In a fine programming plan, Josquin’s Absalom fili mi was followed by Gombert’s Lugebat David Absalom, the chronologically latest piece on the program. Whether or not Gombert was a Josquin student, Lugebat continues to develop a Josquin-like musical vocabulary of emotional expression.
The first half of the program ended with Isaac’s ravishing Optime divino, a celebratory motet of savvily crafted political optimism. The anonymous librettist’s flattering and rhetorically dexterous description of the meeting of a chancellor and a pope gave Isaac material for a richly complex motet of opulence and power: the music has the feel of modernity in the making.
The concert’s second half began with the English sturdiness of Browne’s Stabat iuxta, a work in which voices operate in layers and accumulate a musical sound of remarkable density: experiment and conservatism seem like partners in Browne’s writing.
At this point, Tallis’ founder and conductor, Peter Phillips, announced to the audience that an additional song was being added to the program: a secular German chanson by Isaac was light, lilting and very lovely.

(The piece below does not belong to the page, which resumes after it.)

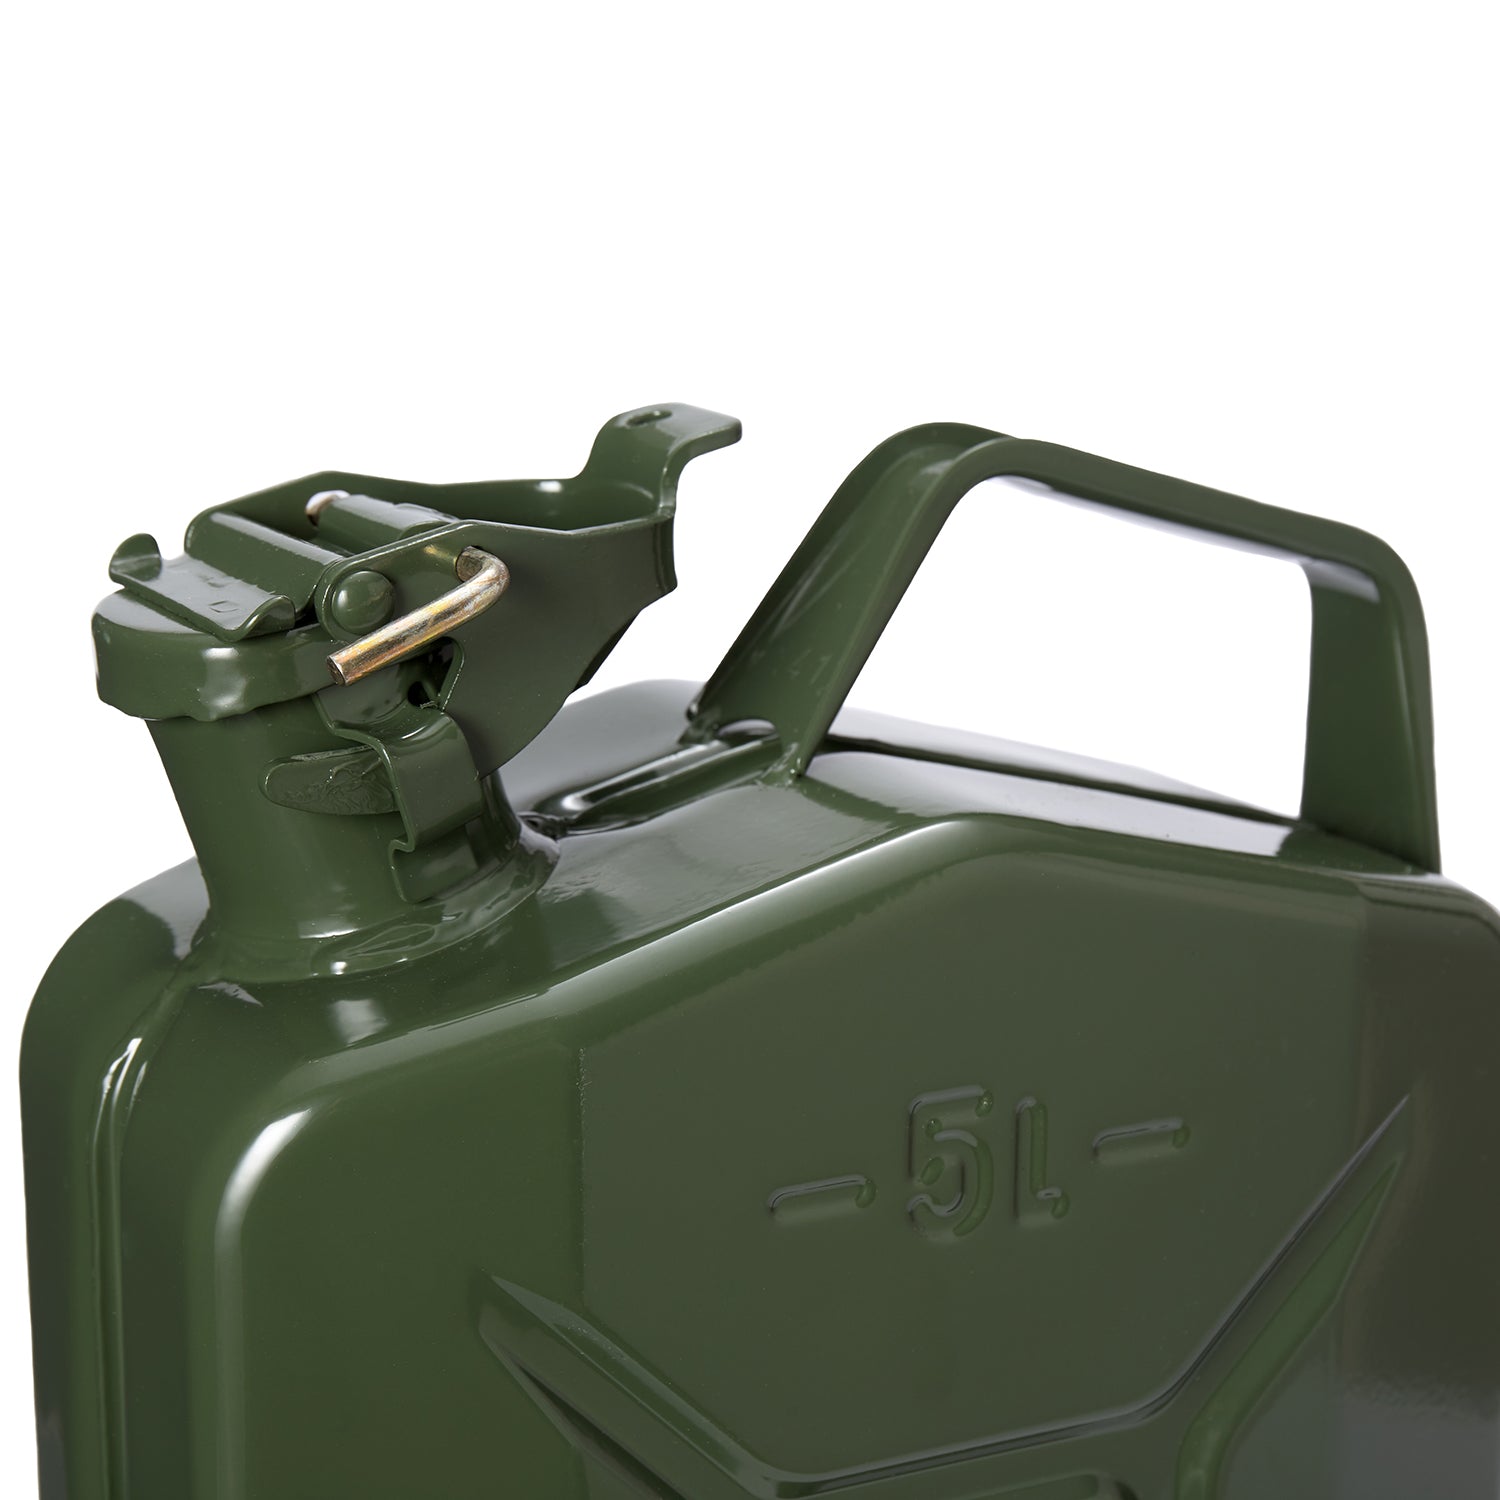 Metall Benzinkanister Kraftstoffkanister olivgrün 5 Liter

The published program then continued with Isaac’s gorgeous Tota pulchra es, a reverential praise-song for the beauty of the Old Testament King Solomon’s beloved. Isaac’s writing combines sensuous lyricism with rhythmic virtuosity as voices follow, anticipate and flirt with each other: experiments in harmonies and pacing are as audacious as the mixing of profane and sacred loves.
The last two pieces were Josquin’s Inter natos mulierum and Gombert’s Regina Caeli a 10, each piece more lovely than the one before it. The concluding “Ora pro nobis, alleluia,” presented in great sweeping layers of sweet sound and celebration, was entirely splendid.
This was a particularly beautiful Tallis concert: at the core of each of the four composers’ art was a quest for new ways to make music both servant and liberator of texts’ intentions. They were all men at the palpable, exciting edge of rapid, interconnected changes in both the creative arts and Europe’s geopolitics, and the Tallis singers, in this performance, conveyed their own close and joyful alertness to this particular historical moment.
The Tallis Scholars: Heinrich Isaac at 500 (December 6, 2017)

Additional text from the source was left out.